The timeline of each AID experiment is dependent on the depletion kinetics of the protein of interest. When first performing AID experiments, it is important to determine the amount of time required for the protein of interest to be effectively depleted by the chosen method. This can be done by treating worms with auxin and assessing depletion at multiple time points. For Basic Protocol 1, we start by analyzing depletion at 1 hour increments, and for the more rapid soaking method (Basic Protocol 2) we initially use 10 minute increments; this timing can then be further refined to find the most optimal timepoint. If combining plate-based AID with feeding RNAi, the auxin plates used for depletion must also be seeded with the appropriate RNAi bacteria so that the relevant siRNA remains present during auxin treatment. Thus, RNAi plates containing auxin must be prepared ahead of time (protocols for RNAi detailed in (Conte et al., 2015)).
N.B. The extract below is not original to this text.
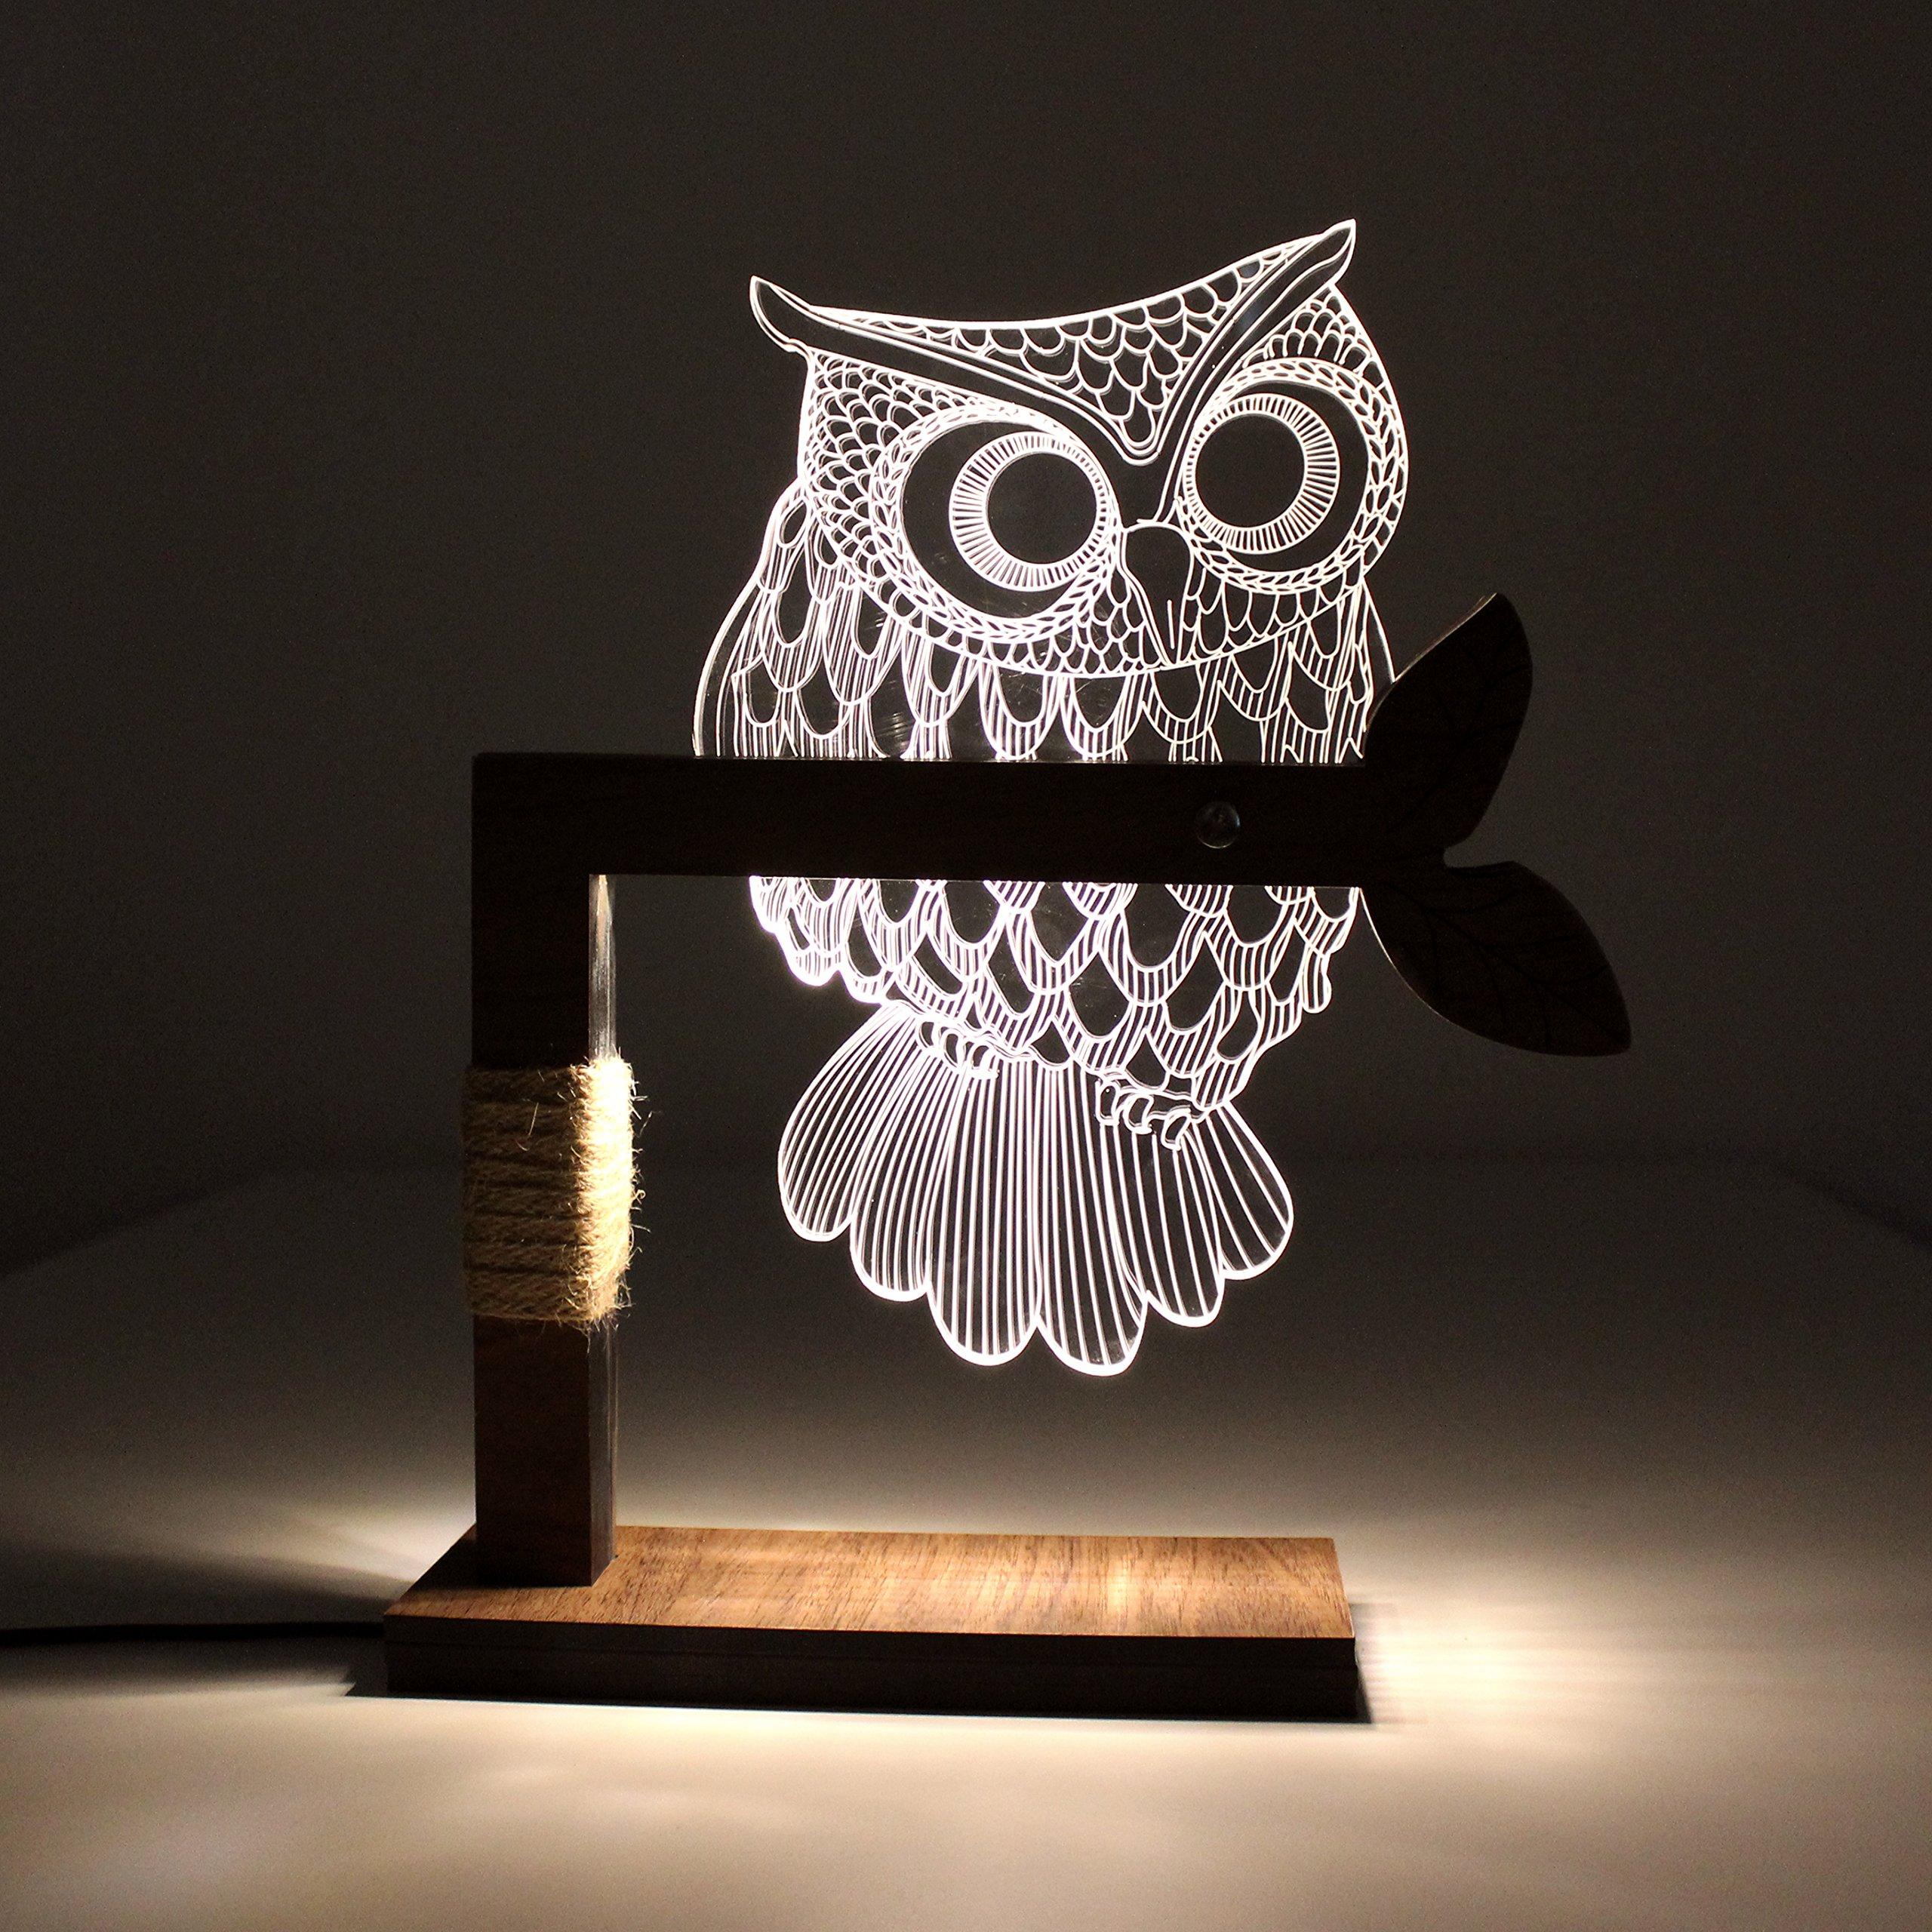 CozyWow Home 3D Owl Shape LED Desk Table Lamp Night Light US Plug ( Warm White)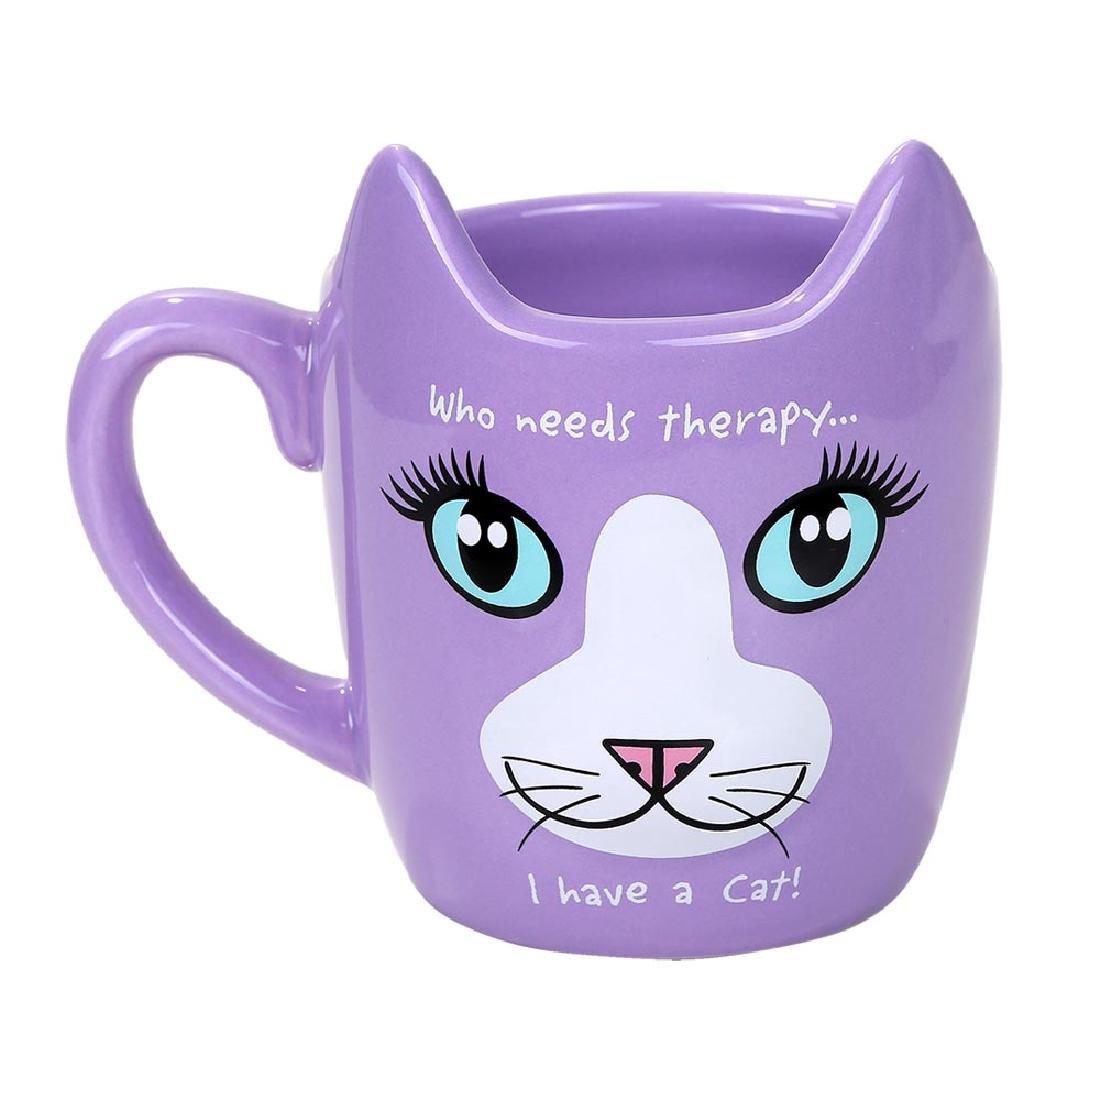 THERAPY CAT MUG

Once auxin treatment is complete, worms must be prepared for live or fixed imaging. Preparation for live imaging or for fixed whole worm imaging is quick and can typically be completed in minutes. For fixed immunofluorescence imaging of embryos, worm dissection takes 5-10 minutes, and then cells are fixed. This fixation step takes approximately 45 minutes in the methanol fixation protocol we use (but varies depending on the fixation method), antibody staining varies from 2 hours to overnight depending on the antibodies used, washes after antibody incubations are rapid, and mounting takes less than ten minutes (protocol modified from (Oegema et al., 2001)).